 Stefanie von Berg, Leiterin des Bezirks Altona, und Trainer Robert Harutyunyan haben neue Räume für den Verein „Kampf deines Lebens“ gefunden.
----------
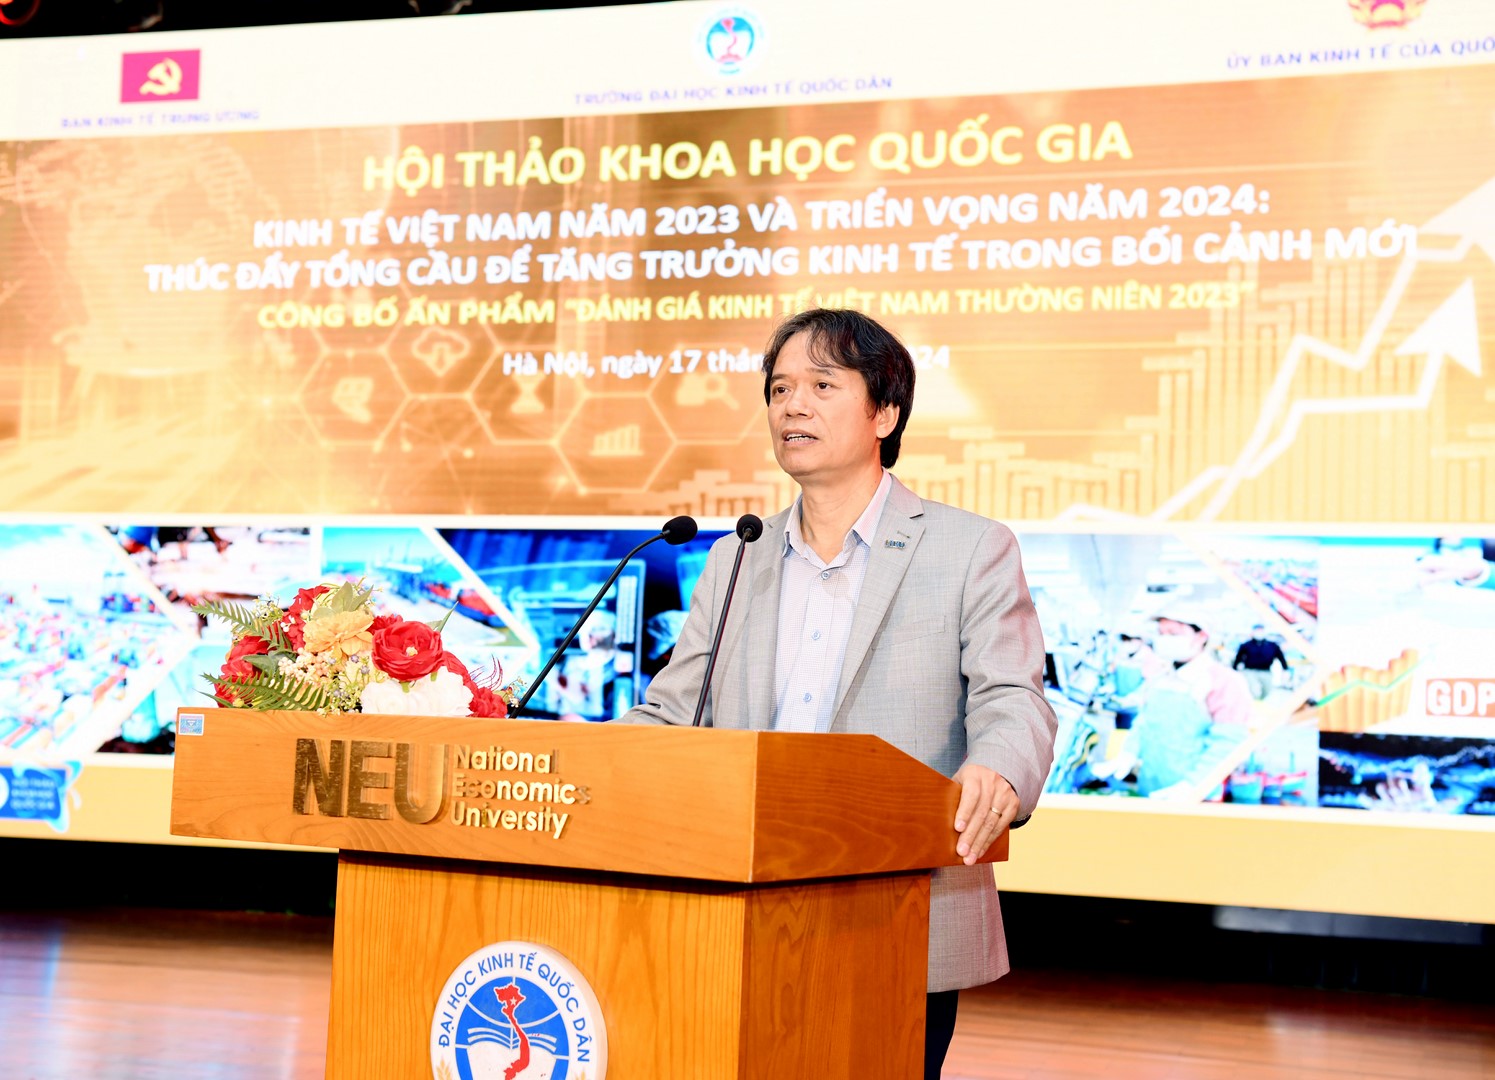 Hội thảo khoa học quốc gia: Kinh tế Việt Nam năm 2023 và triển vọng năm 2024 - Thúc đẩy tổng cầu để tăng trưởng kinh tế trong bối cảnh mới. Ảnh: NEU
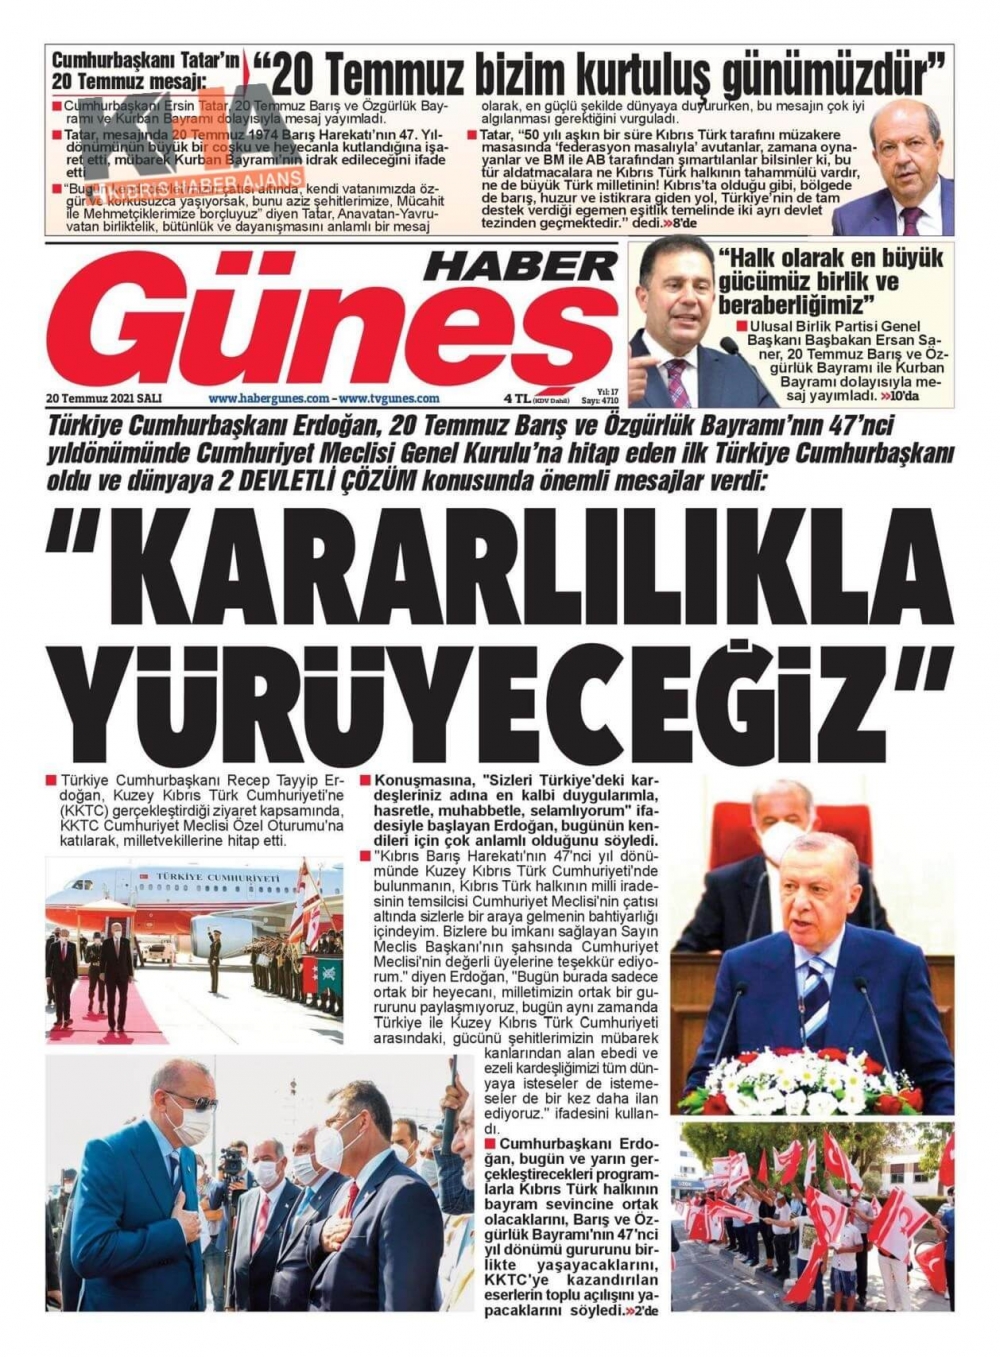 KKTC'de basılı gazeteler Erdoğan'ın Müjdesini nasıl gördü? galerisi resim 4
----------
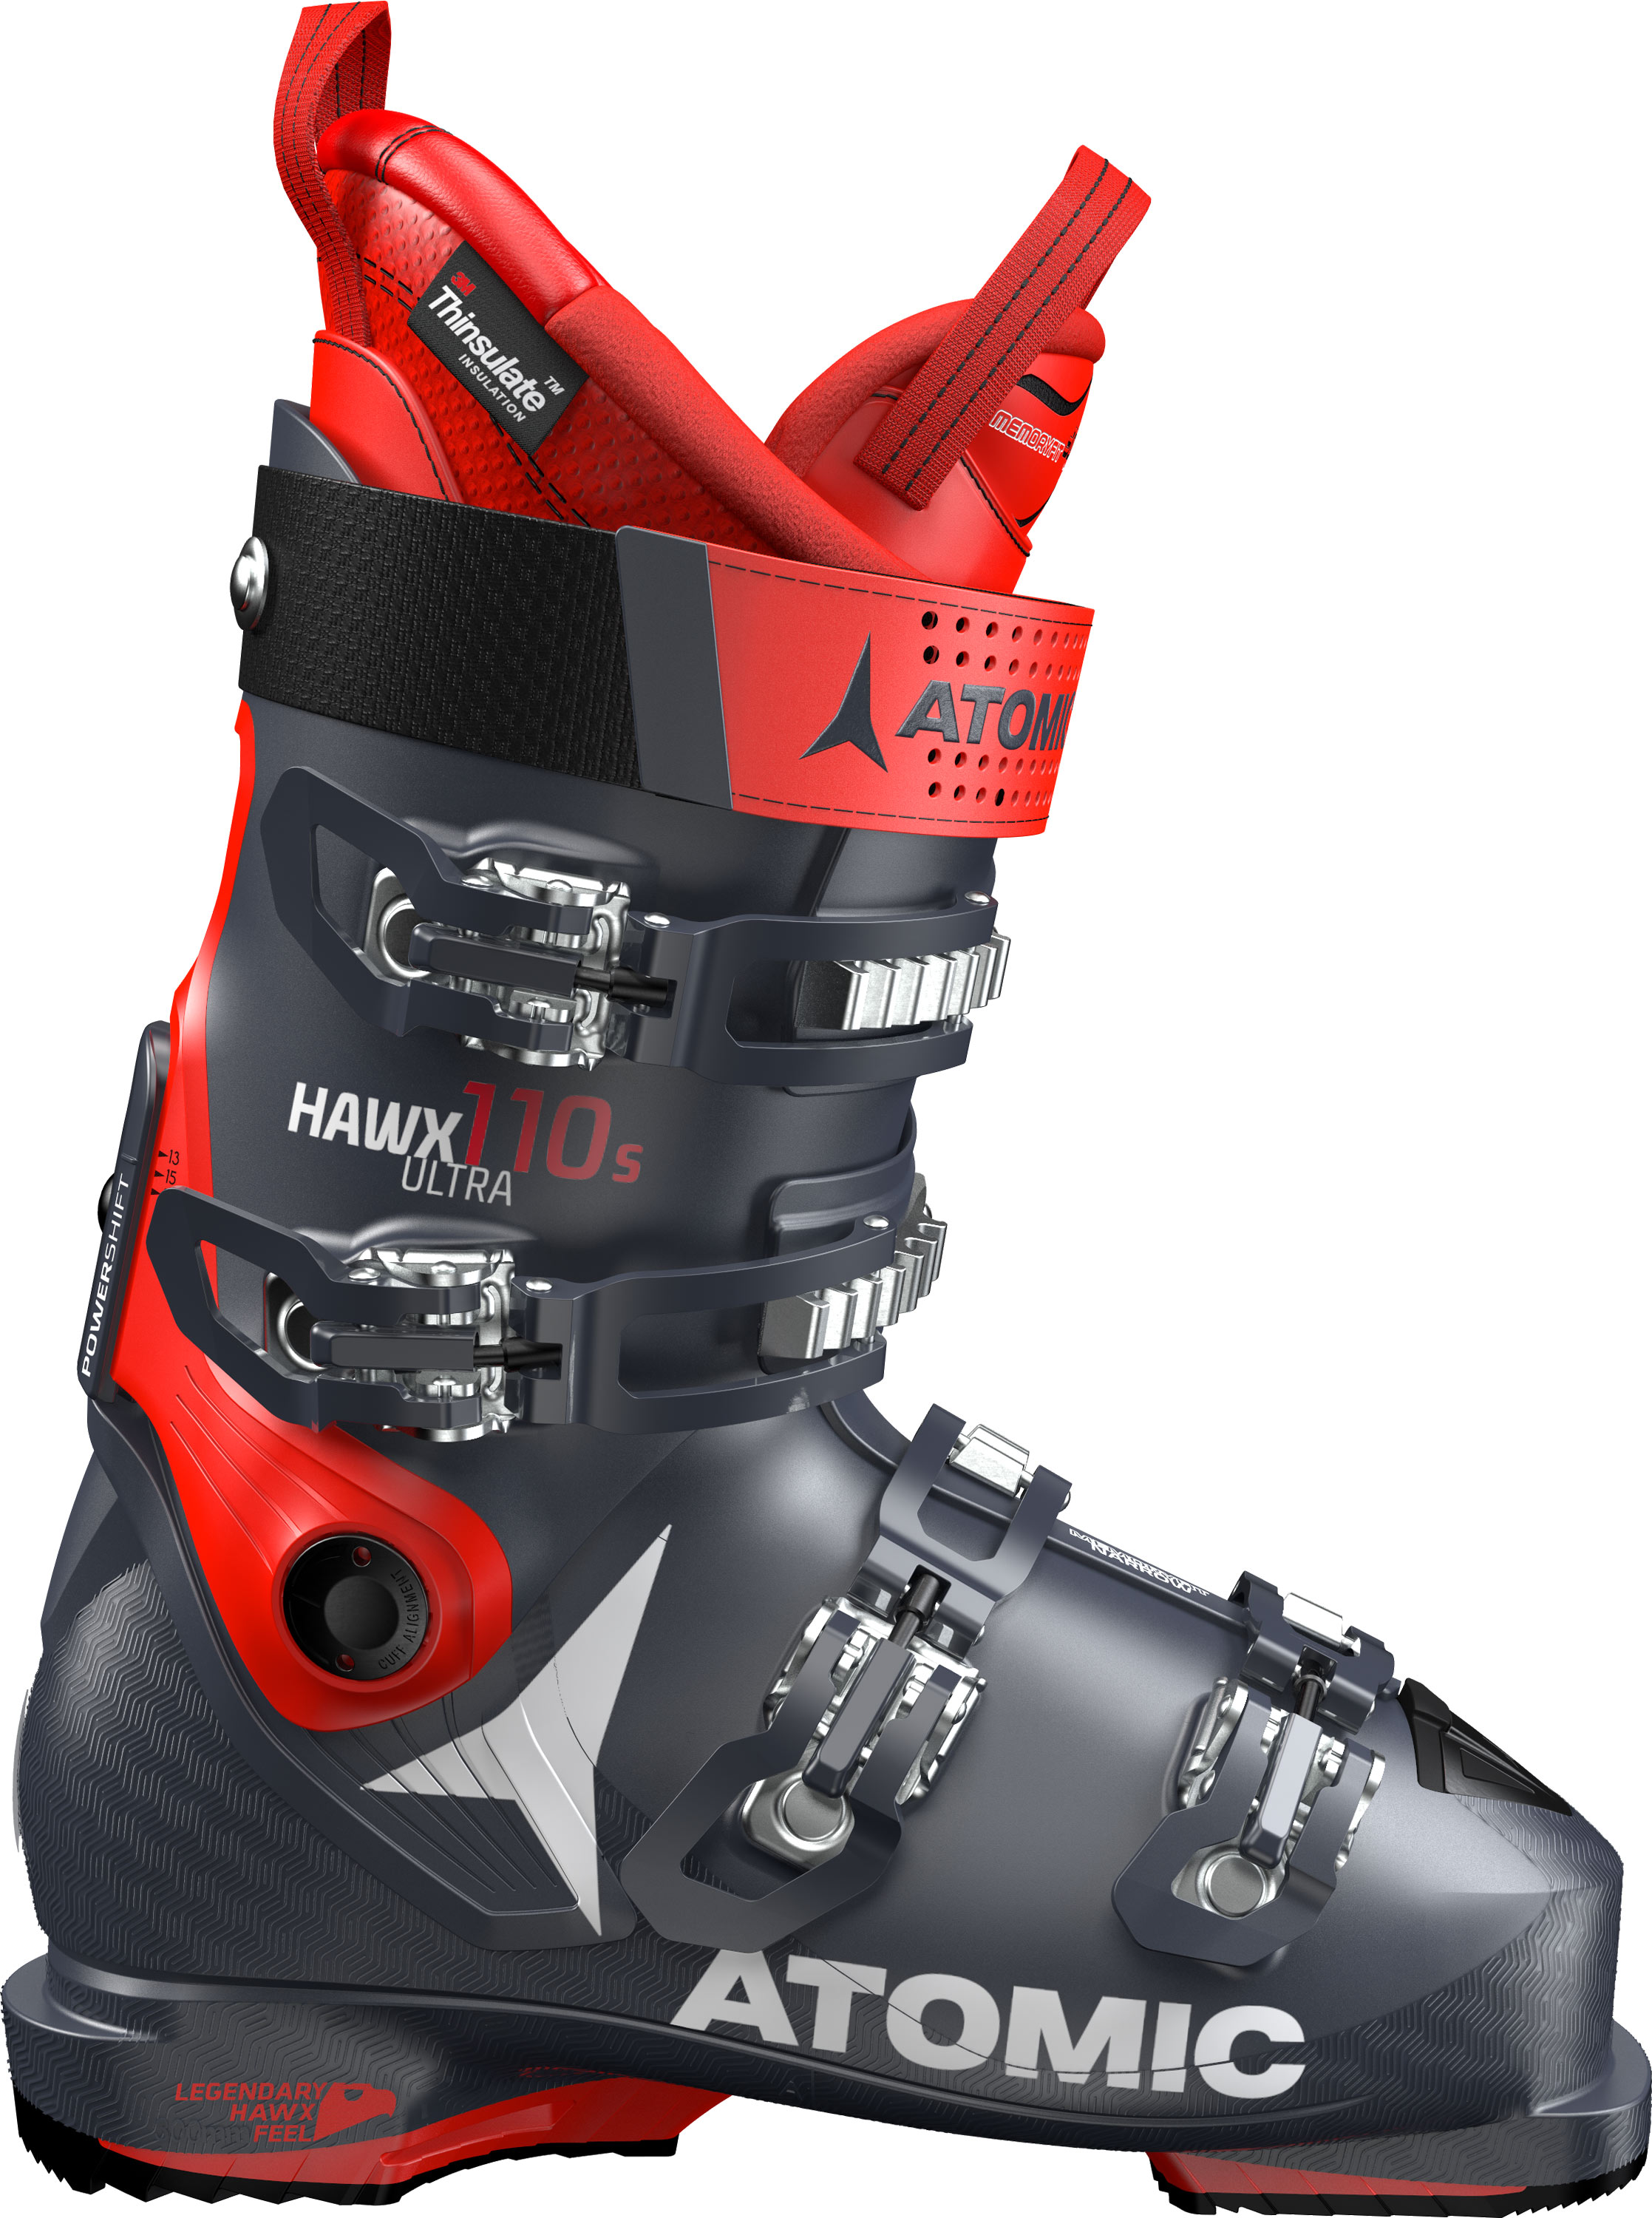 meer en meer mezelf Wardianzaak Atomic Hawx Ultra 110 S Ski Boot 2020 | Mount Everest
----------
*WHAT NEEDS TO BE DONE*. Please repeat the lines of the material above exactly, starting with the line that contains "Hội thảo khoa" and ending with the line that contains "KKTC'de basılı gazeteler". Leave the pictures out.

*REPLY*.
 Hội thảo khoa học quốc gia: Kinh tế Việt Nam năm 2023 và triển vọng năm 2024 - Thúc đẩy tổng cầu để tăng trưởng kinh tế trong bối cảnh mới. Ảnh: NEU
 KKTC'de basılı gazeteler Erdoğan'ın Müjdesini nasıl gördü? galerisi resim 4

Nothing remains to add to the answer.